§ Work task
The full listing, returned exactly and free of pictures, is the expected answer.

§ Supplied data
----------

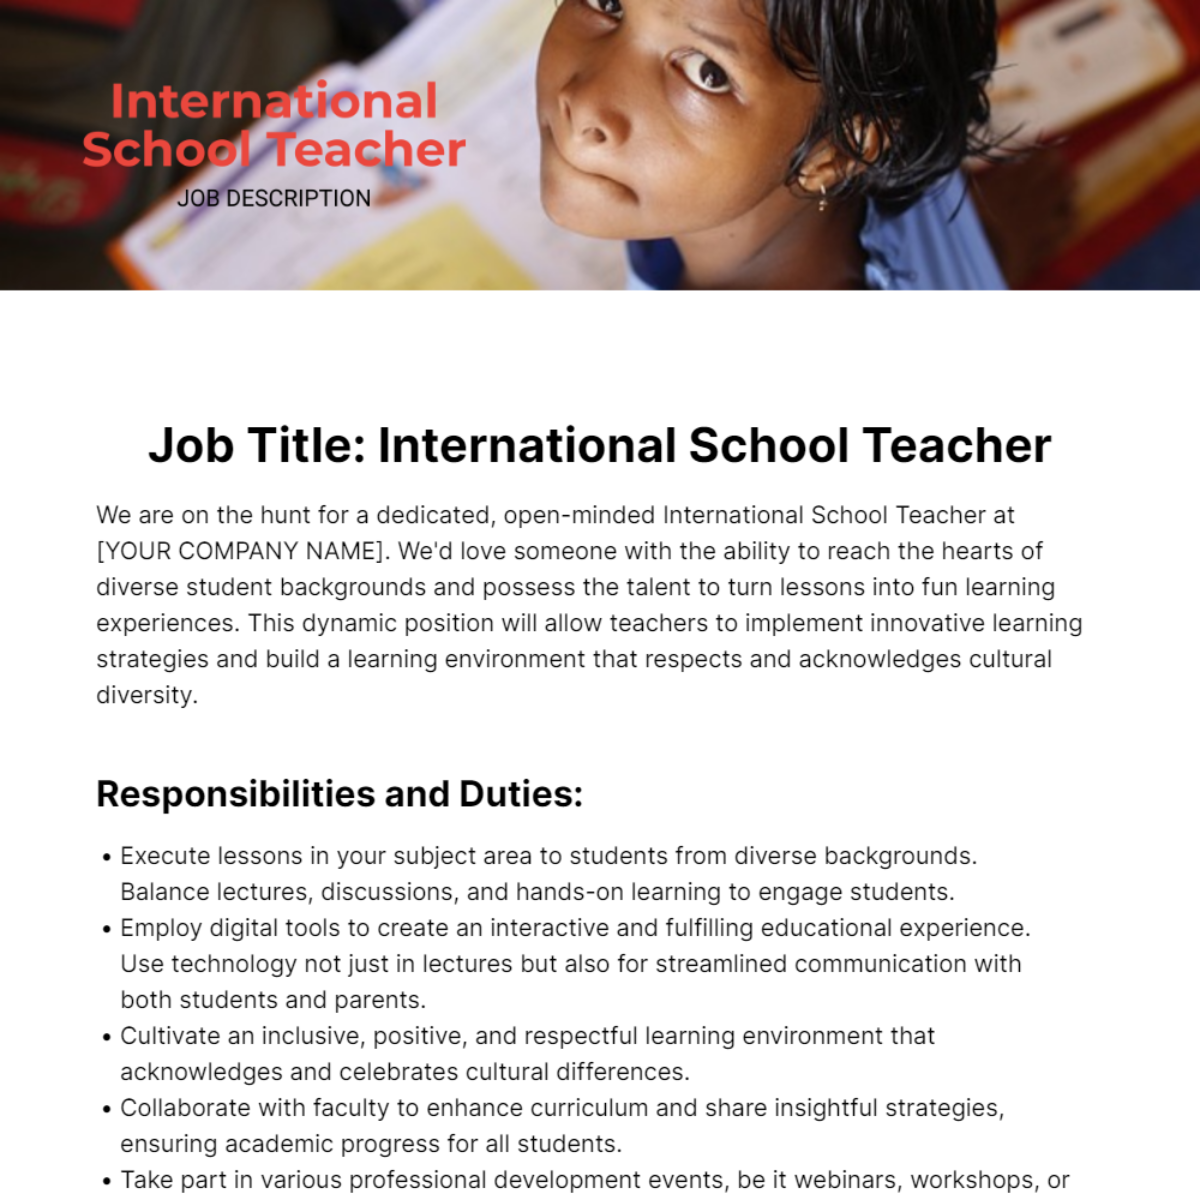 Free International School Teacher Job Description Template
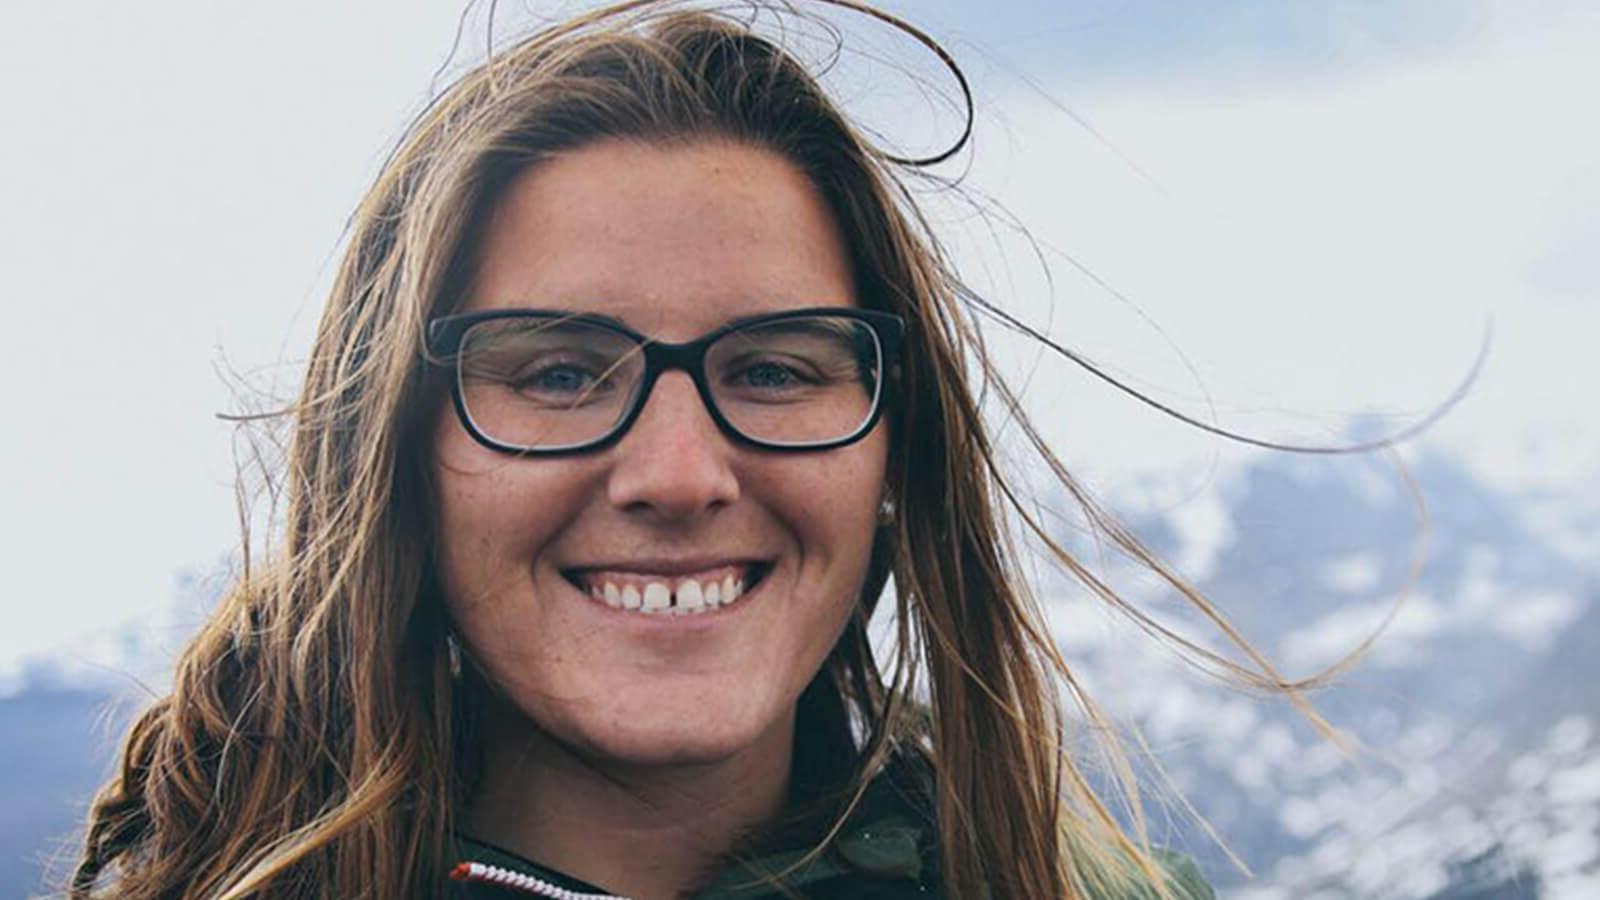 Full Sail毕业生SaJorden Miller肩部以上的照片, 背景是白雪皑皑的山脉. 她面带微笑，穿着一件橙色的绿色拉链夹克，戴着一副黑框眼镜.
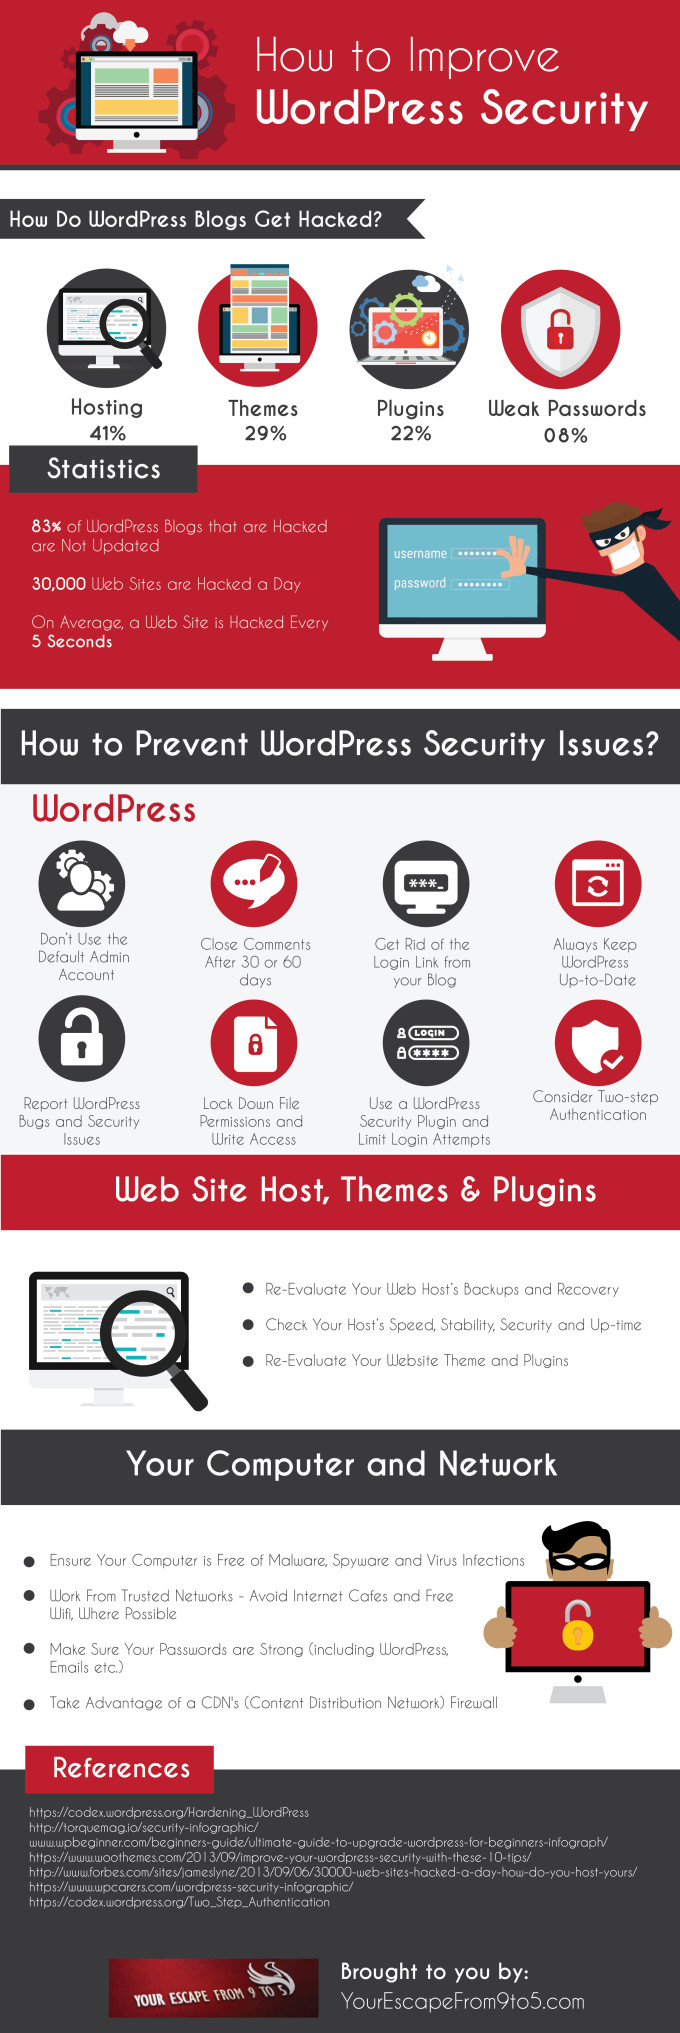 Wordpress sicurezza infografica

----------

§ Output of the exercise
 Free International School Teacher Job Description Template
 Full Sail毕业生SaJorden Miller肩部以上的照片, 背景是白雪皑皑的山脉. 她面带微笑，穿着一件橙色的绿色拉链夹克，戴着一副黑框眼镜.
 Wordpress sicurezza infografica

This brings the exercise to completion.